Not too long later I said "bikes or bitches".

Yes, "bitches". Its not a 'bad word' when you're in the dog world. Simply a female dog. And since all three of our dogs are female, its all bitches. (its also entertaining to listen to a bunch of ladies at a dog event talking about "their bitches")

We laughed about it for awhile, but then realized... it works! But it needed capitalization.

Bikes or Bitches. Just depended on who was using it for the weekend. Bike trips for me, dog agility weekends for her. This was also a driving force in the floorplan and overall layout.

Since then, we have quite casually referred to the van as "BoB".


For full size pics:

I'm ordering a new vehicle. A new vehicle. And I'm ordering it.

This took me awhile to fully process.

I knew we would be doing it, we'd talked about it for awhile after the test drives. I had been all over the RAM Trucks website and NADA guides looking at options that we would want, and then spending just as much time looking at the available inventory, mostly in the PNW, but beyond. But still, we were ordering something!

It was an interesting progression from my previous vehicles. I started off years ago with a 1971 Datson 510. Had to rebuild the engine, but it was a fun little car; until I put it in the back end of a Volvo. No more Datsun. Then I acquired a 1971 Dodge Coronet station wagon from my great grandfather. He was original owner. Drove that thing all over, including from California to school in Missouri, three times. I still have it, though it needs some TLC. I hope to have some time and money for it once BoB is 'done'. There was also a 1989 Mitsubishi Mirage Turbo for a daily driver. Fun car, and much better mileage than the old Dodge. Sold that and picked up an 1998 Audi A4 Avant. Another wagon. Fun car, great for the open road, and still respectable in the twisties. Its been my daily driver for about 8 years now.
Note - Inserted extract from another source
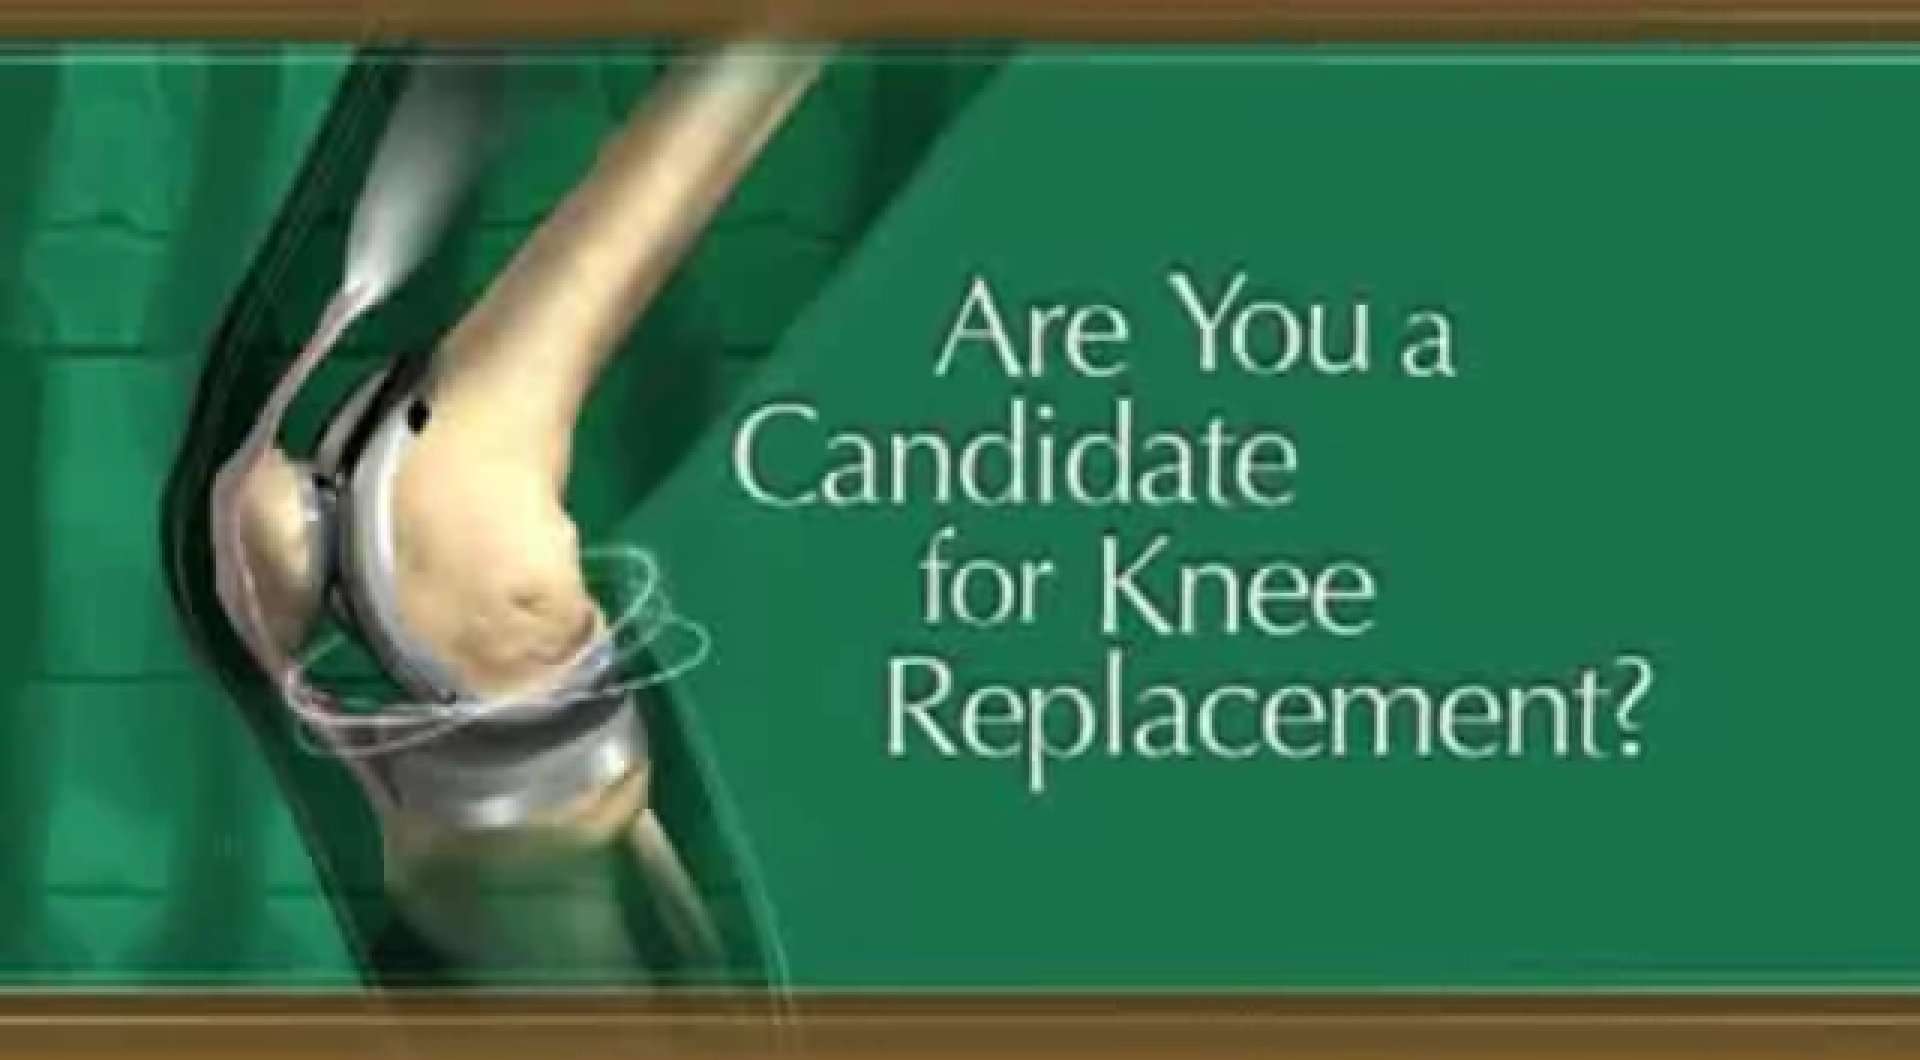 How do I know if I need knee replacement surgery?

There was a theme though. Two, actually. This would be my third silver vehicle, and its really just an oversized wagon.

Yep, BoB is silver. That was one of the main reasons we ordered instead of buying off the lot. I did NOT want a white van. Anything but a white van. It was hard to figure color details online, and the dealer didn't have any paint samples. We thought for awhile about the granite color, but decided the extra heat load from a dark color was something to avoid for our hot summers. Then it came down to the sandstone and the silver. It was nearly a coin toss, but after looking at Google images forever, it seemed that the sandstone color had a bit more of an 'RV' feel to it, something I wanted to avoid. So... silver it was.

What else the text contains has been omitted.